Building a full 13 foot wall of bookcases for my daughter in LA. I am in northern California. Cabinets on the bottom, shelves on top. I'm going down this weekend to install them. Only thing I need is the "cabinet top". The lower cabinet cases are of 3/4 ply, and plan was to put a single piece of poplar over the top to make a nice smooth solid wood surface with no joints. Gluing it and pinning it down to the tops of the cabinets. Then the shelves simply sit on top fastened to the wall, but not the lower cabinets. (I couldn't think of a way to fasten the upper shelves to the lower cabinets since the uprights all line up.)
Trouble is cabinets are 14.25 deep, and I wanted a nice overhang, so was looking for 15.5 wide board. Saw it a month ago when I was designing the bookcases, but now cannot and no one can order. So it looks like I will have to join two pieces. Probably a 11.5 and a 4, putting the 4 board in the back. Here is my question. I know I should clamp these after I glue them, but wanting to keep them flat, I also want to clamp them down to something as well. This got me thinking. 
Can I forgo the clamps, and simply glue and pin the thinner 4 inch board toward the back of the cabinets, then apply glue and whilst applying pressure against the smaller board, pin the front board to the cabinets as well? This would rely on the pins to hold the boards together while they dry and hold them flat to the top of the cabinet as well. Or should I just invest in a pocket hole setup and screw them together, then glue and pin them down to the cabinets?


----------



## Steve Neul (Sep 2, 2011)

If it were me I would make the top out of plywood and put the seam under a divider so the most of the seam is covered. Using solid wood on a top that long, I would spline the boards and glue and clamp them. Just pinning them down, the joints are likely to come apart. Then if it is put together onsite it's going to be a lot harder to sand.


----------



## jimbo425 (Mar 13, 2013)

So would you use veneer of some sort to cover the edge of the plywood? On solid wood, would biscuits work? Or are pocket screws better? Why do you say sanding would be hard? Once it is on the cabinets it would be like sanding the top of a table, right?


----------



## mics_54 (Oct 28, 2008)

why join the two boards ...they have cabs sitting on them.
fasten em down to the bases and fugetaboutit


----------



## cabinetman (Jul 5, 2007)

If this were my project, I would glue and clamp the boards together. If you have the room to install, screw the verticals of the shelving to the cabinet top from underneath. If the cabinets have cross rails front and back connecting the ends, screw down the top from underneath those rails.
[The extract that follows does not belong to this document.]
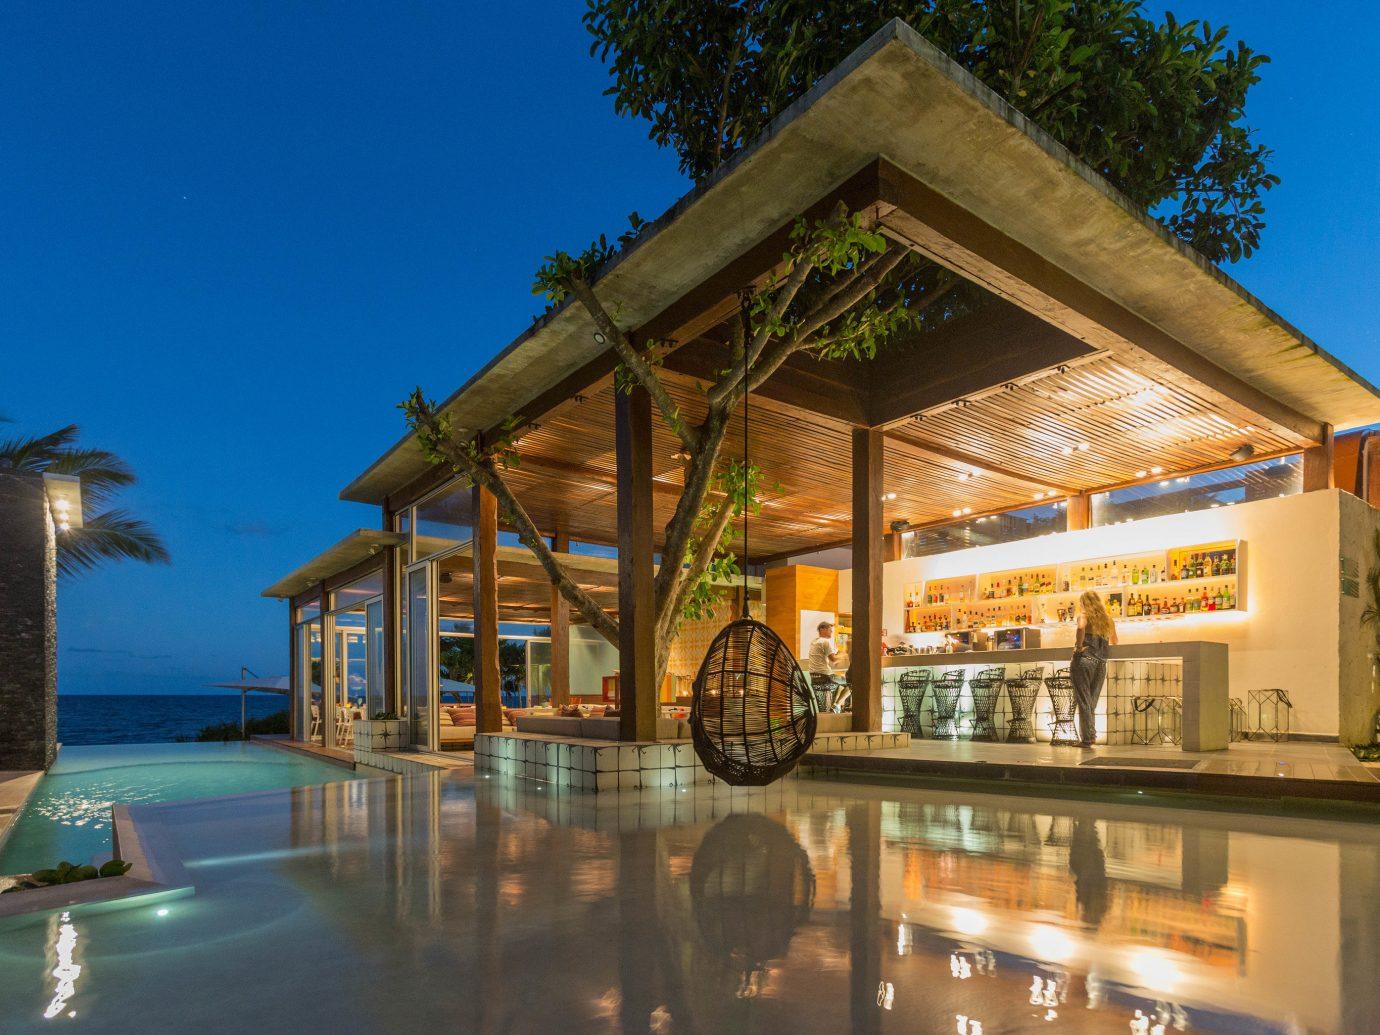 Trip Ideas leisure property building Resort estate vacation home real estate restaurant several

Or, if you have to install the cabinets and top first, install some dry dowels in the top to line up with the verticals from the shelving (that's if there is enough room above the shelving to lift it slightly).













 







.


----------



## jimbo425 (Mar 13, 2013)

Thanks all. I think I will stick with my original plan of gluing and punning down the back board, and the gluing the front board down and to the back board. Thanks.


----------